#### RECORD EXCERPTS:
Content starts
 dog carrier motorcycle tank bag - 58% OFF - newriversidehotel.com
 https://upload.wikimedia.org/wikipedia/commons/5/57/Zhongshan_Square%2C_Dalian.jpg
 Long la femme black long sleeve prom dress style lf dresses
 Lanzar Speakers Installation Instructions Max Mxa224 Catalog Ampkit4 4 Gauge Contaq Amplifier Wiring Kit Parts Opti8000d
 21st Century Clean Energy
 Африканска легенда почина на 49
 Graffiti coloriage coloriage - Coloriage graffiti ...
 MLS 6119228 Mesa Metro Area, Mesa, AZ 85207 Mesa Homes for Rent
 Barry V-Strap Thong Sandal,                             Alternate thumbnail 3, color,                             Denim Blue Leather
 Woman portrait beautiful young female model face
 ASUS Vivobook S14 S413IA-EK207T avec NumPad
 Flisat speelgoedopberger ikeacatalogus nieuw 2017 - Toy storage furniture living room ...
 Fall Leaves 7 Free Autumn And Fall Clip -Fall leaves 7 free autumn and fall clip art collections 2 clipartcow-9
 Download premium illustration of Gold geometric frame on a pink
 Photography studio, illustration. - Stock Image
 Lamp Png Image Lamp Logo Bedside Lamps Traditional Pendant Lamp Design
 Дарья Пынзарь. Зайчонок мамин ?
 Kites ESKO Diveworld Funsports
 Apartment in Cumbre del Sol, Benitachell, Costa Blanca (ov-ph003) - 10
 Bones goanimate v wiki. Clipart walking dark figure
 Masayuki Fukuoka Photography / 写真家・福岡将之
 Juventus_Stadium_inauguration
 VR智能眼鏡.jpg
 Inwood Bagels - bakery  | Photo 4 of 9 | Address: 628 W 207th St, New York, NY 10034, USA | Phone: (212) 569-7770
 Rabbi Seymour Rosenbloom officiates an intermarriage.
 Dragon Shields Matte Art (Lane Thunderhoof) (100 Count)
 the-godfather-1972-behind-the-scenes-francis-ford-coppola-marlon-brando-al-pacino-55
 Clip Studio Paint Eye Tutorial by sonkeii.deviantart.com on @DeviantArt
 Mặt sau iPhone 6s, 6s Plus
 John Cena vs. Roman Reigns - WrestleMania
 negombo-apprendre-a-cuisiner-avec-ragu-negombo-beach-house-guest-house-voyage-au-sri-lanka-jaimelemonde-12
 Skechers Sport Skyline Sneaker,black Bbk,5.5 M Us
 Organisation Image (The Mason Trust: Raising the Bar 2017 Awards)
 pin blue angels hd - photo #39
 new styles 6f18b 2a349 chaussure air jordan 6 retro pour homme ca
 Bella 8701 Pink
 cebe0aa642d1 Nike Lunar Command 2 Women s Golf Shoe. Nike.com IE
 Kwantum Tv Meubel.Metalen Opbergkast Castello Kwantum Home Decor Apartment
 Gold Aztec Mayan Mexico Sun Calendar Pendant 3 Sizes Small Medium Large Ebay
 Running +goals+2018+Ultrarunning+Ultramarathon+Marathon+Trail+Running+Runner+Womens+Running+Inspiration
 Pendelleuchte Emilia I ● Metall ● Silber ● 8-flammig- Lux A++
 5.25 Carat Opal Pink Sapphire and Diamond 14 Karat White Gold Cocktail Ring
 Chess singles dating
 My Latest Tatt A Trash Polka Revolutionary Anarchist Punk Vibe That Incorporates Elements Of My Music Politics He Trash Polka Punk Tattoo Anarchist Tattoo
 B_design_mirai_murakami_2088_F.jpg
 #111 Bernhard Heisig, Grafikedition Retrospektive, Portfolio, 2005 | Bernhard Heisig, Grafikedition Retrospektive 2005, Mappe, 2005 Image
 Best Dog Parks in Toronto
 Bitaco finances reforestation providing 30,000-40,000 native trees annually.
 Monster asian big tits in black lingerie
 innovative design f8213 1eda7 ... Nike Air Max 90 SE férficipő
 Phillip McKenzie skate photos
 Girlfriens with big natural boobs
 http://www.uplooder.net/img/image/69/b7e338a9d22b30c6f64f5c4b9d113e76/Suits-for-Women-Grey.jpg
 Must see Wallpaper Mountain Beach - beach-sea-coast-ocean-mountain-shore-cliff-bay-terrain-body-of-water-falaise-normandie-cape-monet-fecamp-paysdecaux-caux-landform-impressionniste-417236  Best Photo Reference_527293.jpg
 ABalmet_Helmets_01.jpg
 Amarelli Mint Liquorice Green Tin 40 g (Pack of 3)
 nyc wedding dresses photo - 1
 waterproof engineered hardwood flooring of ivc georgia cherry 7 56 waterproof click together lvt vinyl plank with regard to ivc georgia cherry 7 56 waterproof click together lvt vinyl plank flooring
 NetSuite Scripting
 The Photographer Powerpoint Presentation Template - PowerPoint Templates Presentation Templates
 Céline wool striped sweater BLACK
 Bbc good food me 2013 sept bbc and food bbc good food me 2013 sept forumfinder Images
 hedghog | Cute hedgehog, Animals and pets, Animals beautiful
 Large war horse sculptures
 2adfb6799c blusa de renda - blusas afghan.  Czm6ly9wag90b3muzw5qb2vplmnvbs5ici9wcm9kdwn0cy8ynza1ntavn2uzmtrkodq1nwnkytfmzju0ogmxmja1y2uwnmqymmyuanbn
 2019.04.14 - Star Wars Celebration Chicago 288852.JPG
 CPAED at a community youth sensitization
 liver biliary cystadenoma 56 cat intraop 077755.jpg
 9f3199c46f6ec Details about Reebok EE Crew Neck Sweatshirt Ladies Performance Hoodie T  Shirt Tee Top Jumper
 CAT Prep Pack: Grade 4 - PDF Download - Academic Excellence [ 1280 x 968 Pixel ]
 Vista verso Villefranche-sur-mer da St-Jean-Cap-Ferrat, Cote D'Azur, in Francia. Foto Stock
Content ends
#### WHAT YOU WILL DO:
Repeat the entries above verbatim, but only from the line that has "Girlfriens with big natural boobs" down to the line that has "9f3199c46f6ec Details about", inclusive.

#### SOLUTION BELOW:
 Girlfriens with big natural boobs
 http://www.uplooder.net/img/image/69/b7e338a9d22b30c6f64f5c4b9d113e76/Suits-for-Women-Grey.jpg
 Must see Wallpaper Mountain Beach - beach-sea-coast-ocean-mountain-shore-cliff-bay-terrain-body-of-water-falaise-normandie-cape-monet-fecamp-paysdecaux-caux-landform-impressionniste-417236  Best Photo Reference_527293.jpg
 ABalmet_Helmets_01.jpg
 Amarelli Mint Liquorice Green Tin 40 g (Pack of 3)
 nyc wedding dresses photo - 1
 waterproof engineered hardwood flooring of ivc georgia cherry 7 56 waterproof click together lvt vinyl plank with regard to ivc georgia cherry 7 56 waterproof click together lvt vinyl plank flooring
 NetSuite Scripting
 The Photographer Powerpoint Presentation Template - PowerPoint Templates Presentation Templates
 Céline wool striped sweater BLACK
 Bbc good food me 2013 sept bbc and food bbc good food me 2013 sept forumfinder Images
 hedghog | Cute hedgehog, Animals and pets, Animals beautiful
 Large war horse sculptures
 2adfb6799c blusa de renda - blusas afghan.  Czm6ly9wag90b3muzw5qb2vplmnvbs5ici9wcm9kdwn0cy8ynza1ntavn2uzmtrkodq1nwnkytfmzju0ogmxmja1y2uwnmqymmyuanbn
 2019.04.14 - Star Wars Celebration Chicago 288852.JPG
 CPAED at a community youth sensitization
 liver biliary cystadenoma 56 cat intraop 077755.jpg
 9f3199c46f6ec Details about Reebok EE Crew Neck Sweatshirt Ladies Performance Hoodie T  Shirt Tee Top Jumper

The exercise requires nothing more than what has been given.